W połowie maja do szpitala trafiła roczna wówczas dziewczynka, która miała drgawki i problemy z oddychaniem. Jak się okazało, dziecko było pod silnym działaniem narkotyków, głównie amfetaminy. Prokuratura twierdzi, że odpowiedzialny za to jest jej 27-letni ojciec
Według prokuratury mężczyzna miał przez kilka miesięcy podawać swojemu dziecku silne narkotyki.Pierwszy raz miał tego dokonać kiedy dziewczynka miała 4 miesiące! Biegli określili, że stan dziecka, które trafiło do szpitala zagrażał życiu. Początkowo o taki stan rzeczy podejrzewano matkę wobec, której zastosowano policyjny dozór. Szybko wyszło jednak na jaw, że za całym złem stoi ojciec. Mężczyźnie postawiono zarzut spowodowania ciężkiego uszczerbku na zdrowiu dziewczynki i został na mocy decyzji sądu tymczasowo aresztowany.
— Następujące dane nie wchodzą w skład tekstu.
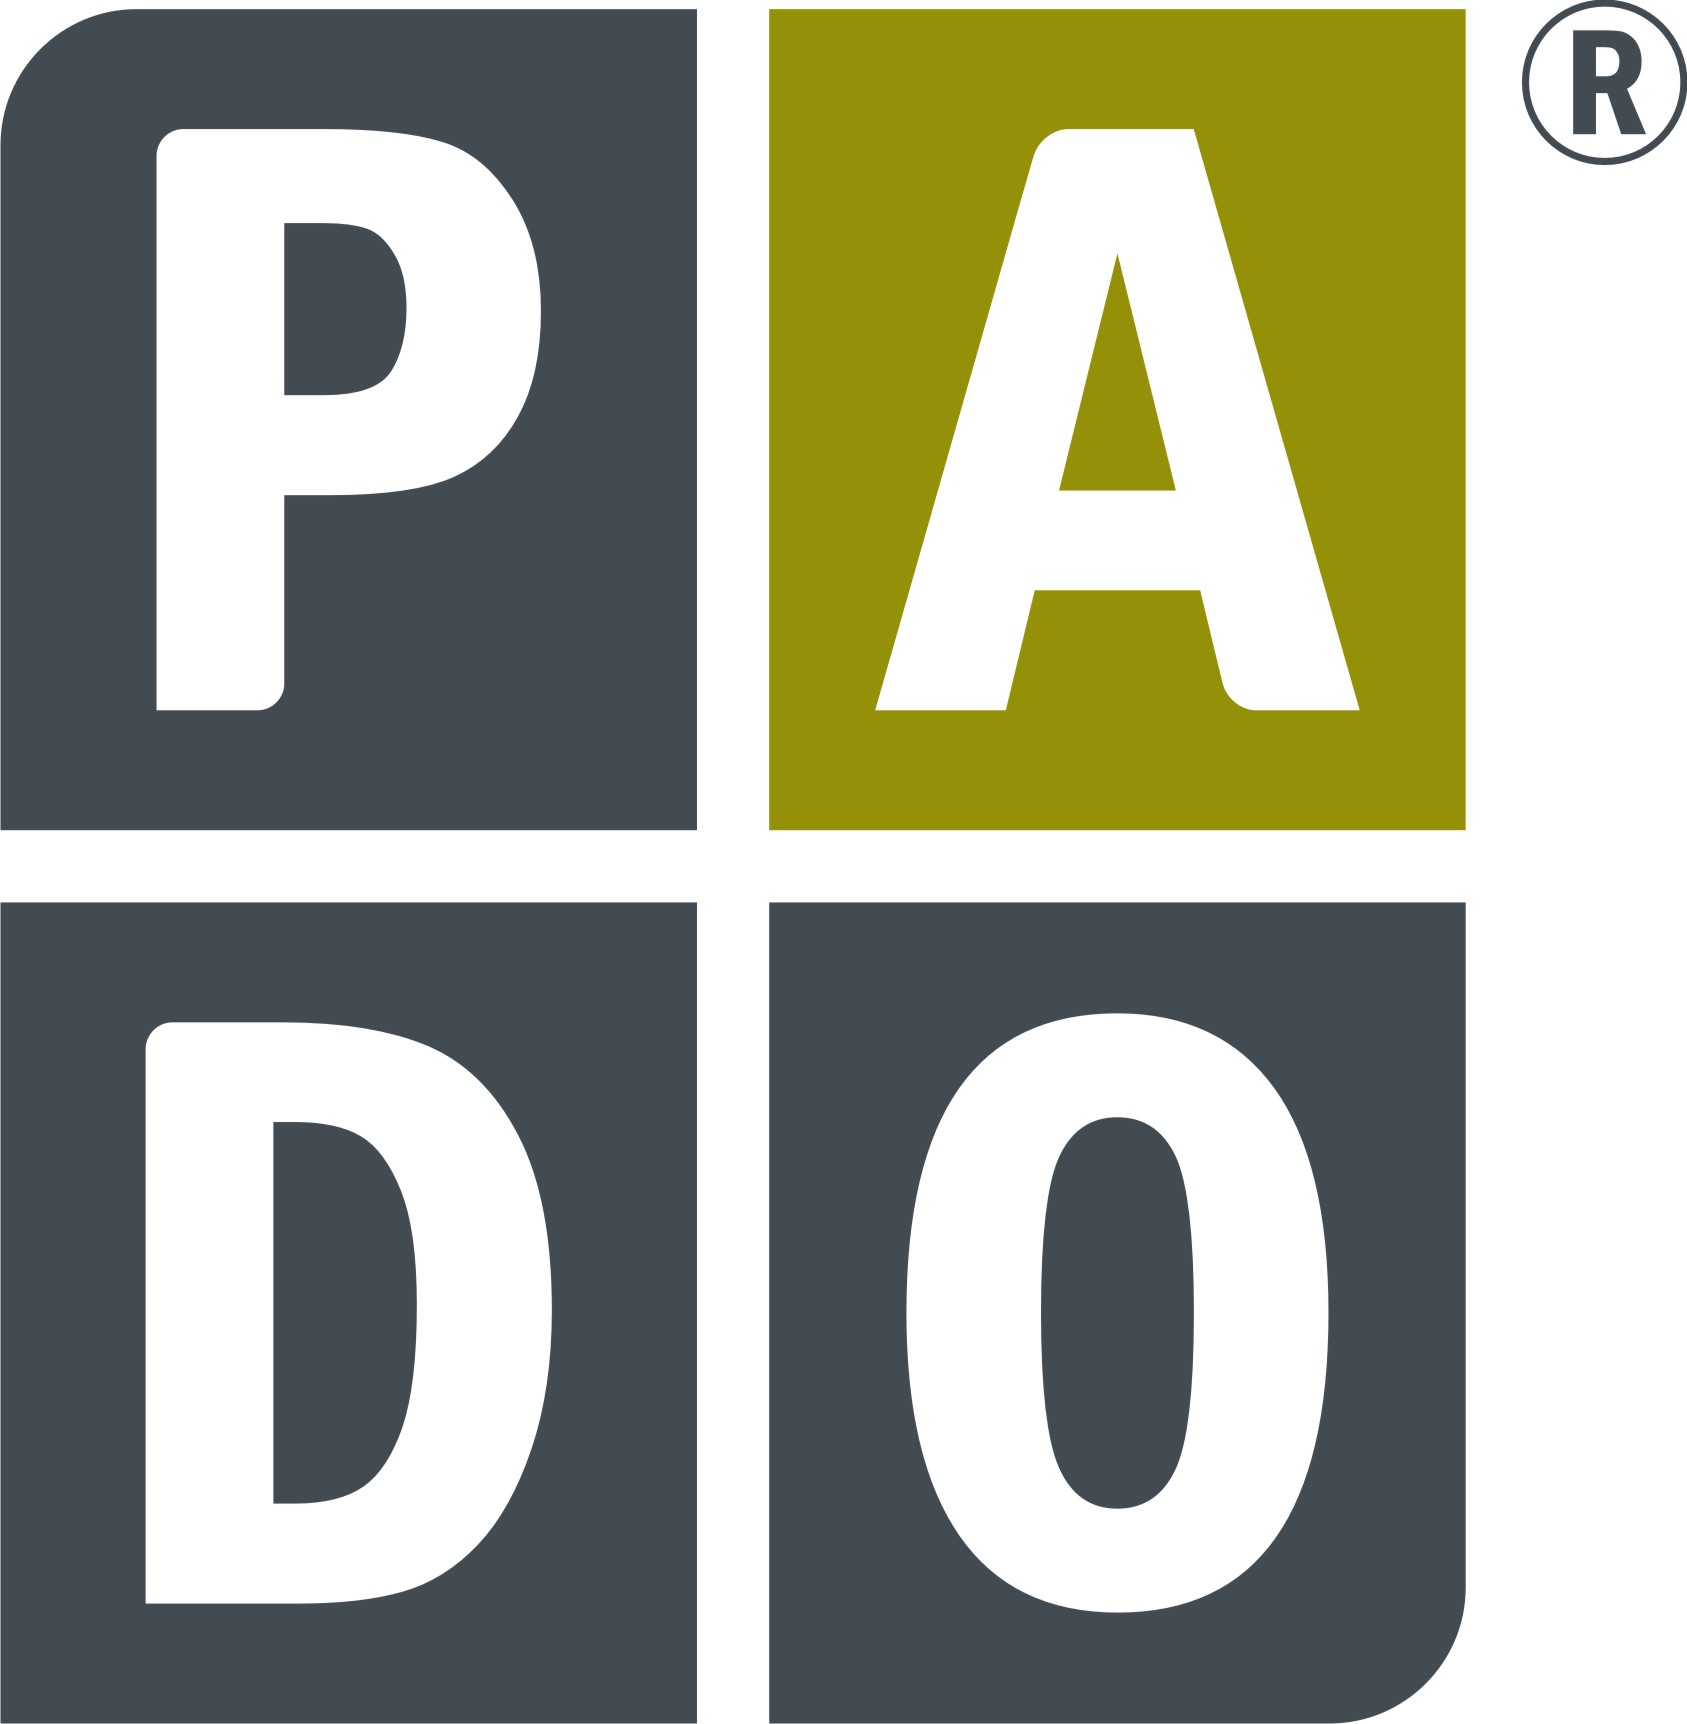 Padotec logo

W ostatnich dniach sporządzono akt oskarżenia w tej sprawie. Matka została całkowicie oczyszczona z zarzutów, z kolei mężczyźnie postawiono jeszcze kilka innych. Prokuratura ustaliła, że ojciec odurzał dziecko silnymi narkotykami w okresie od września 2016 roku do maja 2017 roku.
Mężczyzna nie przyznał się do winy. O niej będzie rozstrzygał toruński sąd.